"Baiklah, aku menerima tawaranmu," kata Norman. Dia akan memikirkan bagaimana caranya mengatasi kemarahan Robert.
"Terimakasih, jika begitu saya permisi, besok saya akan datang dengan semua berkas yang dibutuhkan." Andy sangat senang karena Norman sangat mudah dikendalikan jika di iming-iming dengan uang.
"Tapi sebelum saya pulang, bolehkah saya bertemu dengan putrimu?" tanya Andy.
"Ohh tentu saja." kata Norman mengangguk dan memanggil anak buahnya.
"Bawa Tuan Khan bertemu dengan Naina," titah Norman dan Andy bangkit dari duduknya mengikuti anak buah Norman.
"Mari tuan, saya antarkan bertemu nona Naina."
Norman tersenyum senang saat sendirian sementara Andy bertemu dengan Naina.
Disebuah kamar yang luas, Naina sedang melamun duduk dipinggir ranjang.
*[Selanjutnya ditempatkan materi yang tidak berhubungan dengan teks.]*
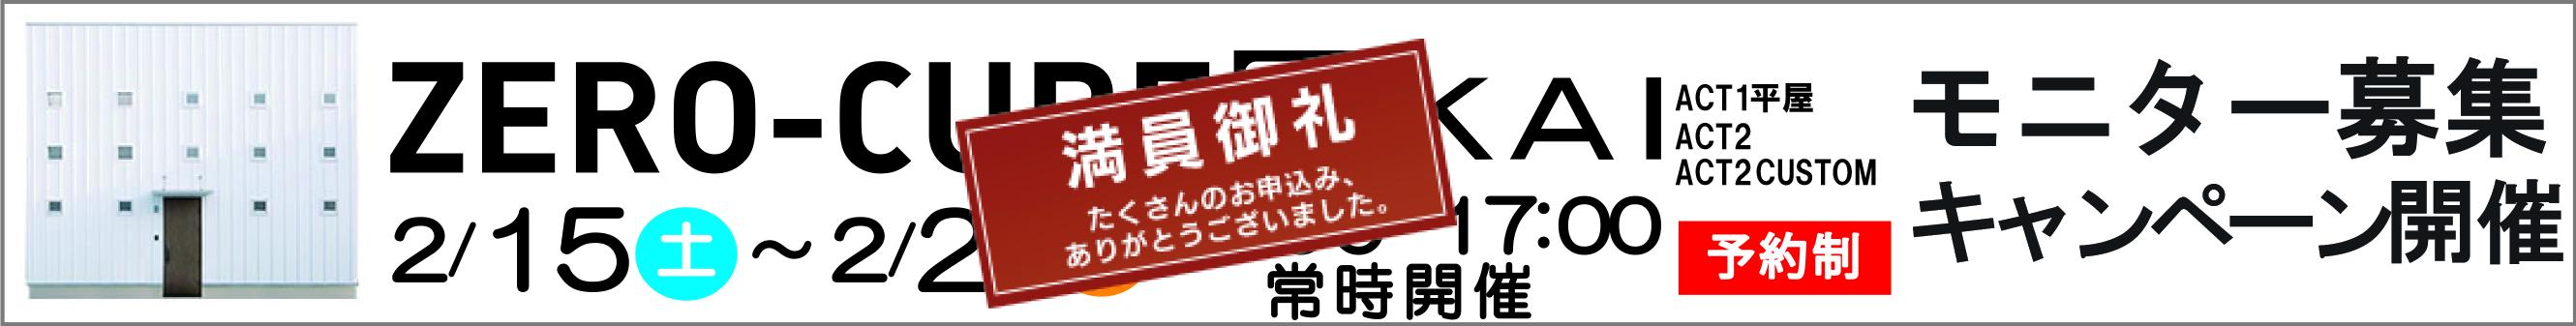 ZERO-CUBE KAI モニター募集キャンペーン開催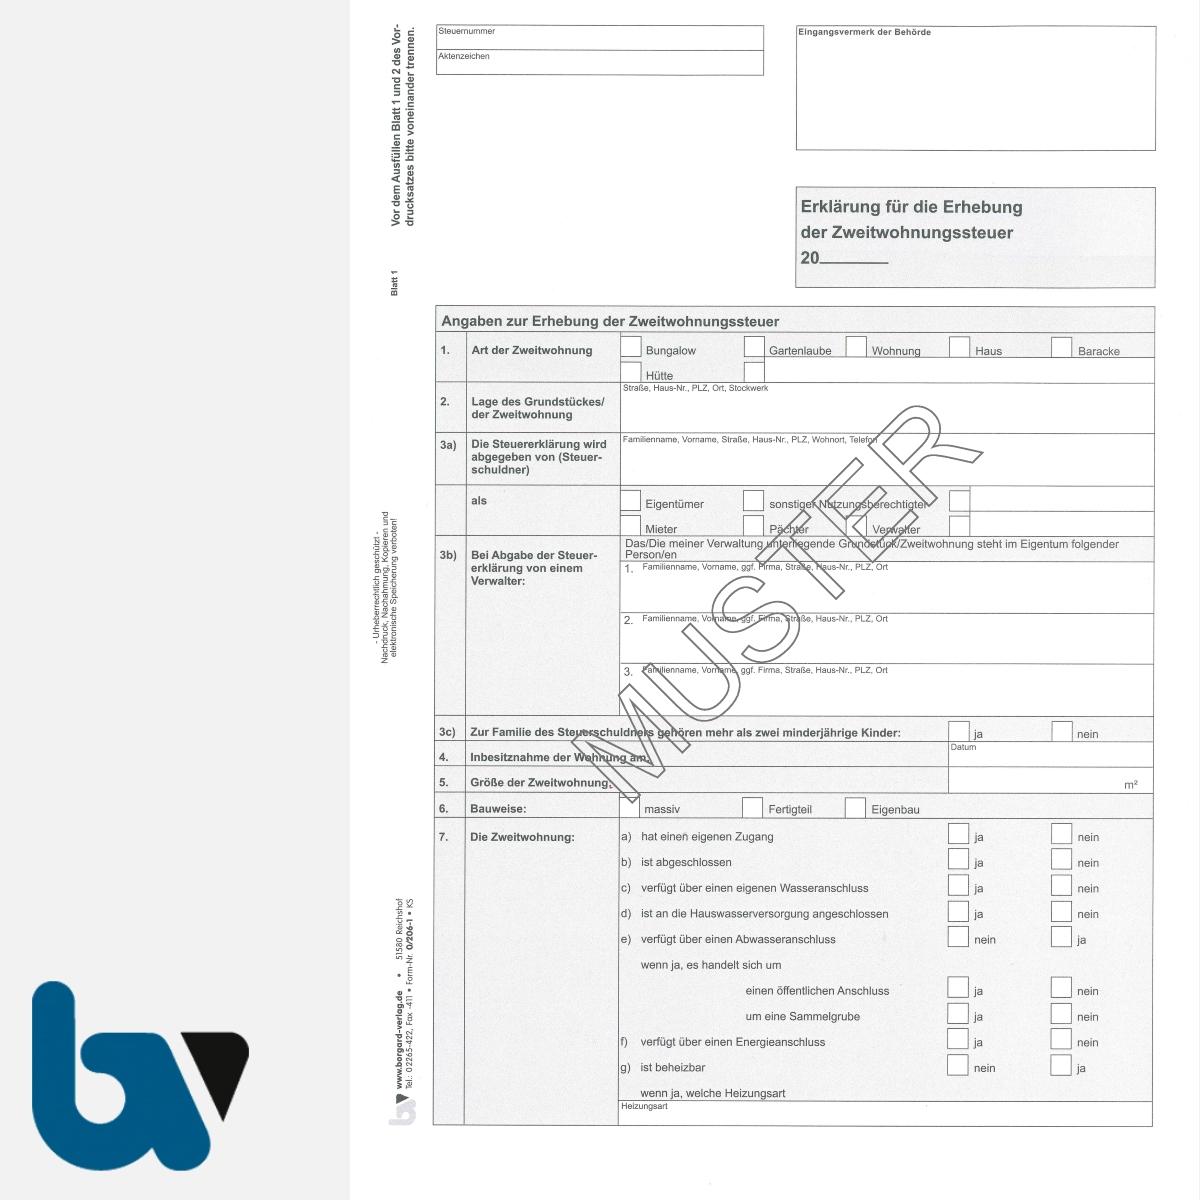 0/206-1 Erklärung Erhebung Zweitwohnungssteuer 2-fach selbstdurchschreibend DIN A4 Seite 1 | Borgard Verlag GmbH

Dia sangat terkejut saat pintu dibuka dan melihat Andy serta Diana bisa ada dirumahnya. Naina berfikir jika yang datang adalah pelayan yang akan membawakan makanan untuknya.
Pelayan itu menutup pintu dan pergi meninggalkan mereka didalam.
Naina sangat senang dan saking kagetnya dia langsung memeluk Andy. Andy kaget dengan ekspresi Naina yang tidak biasanya. Tapi Andi membiarkan Naina memeluknya dan menangis didadanya.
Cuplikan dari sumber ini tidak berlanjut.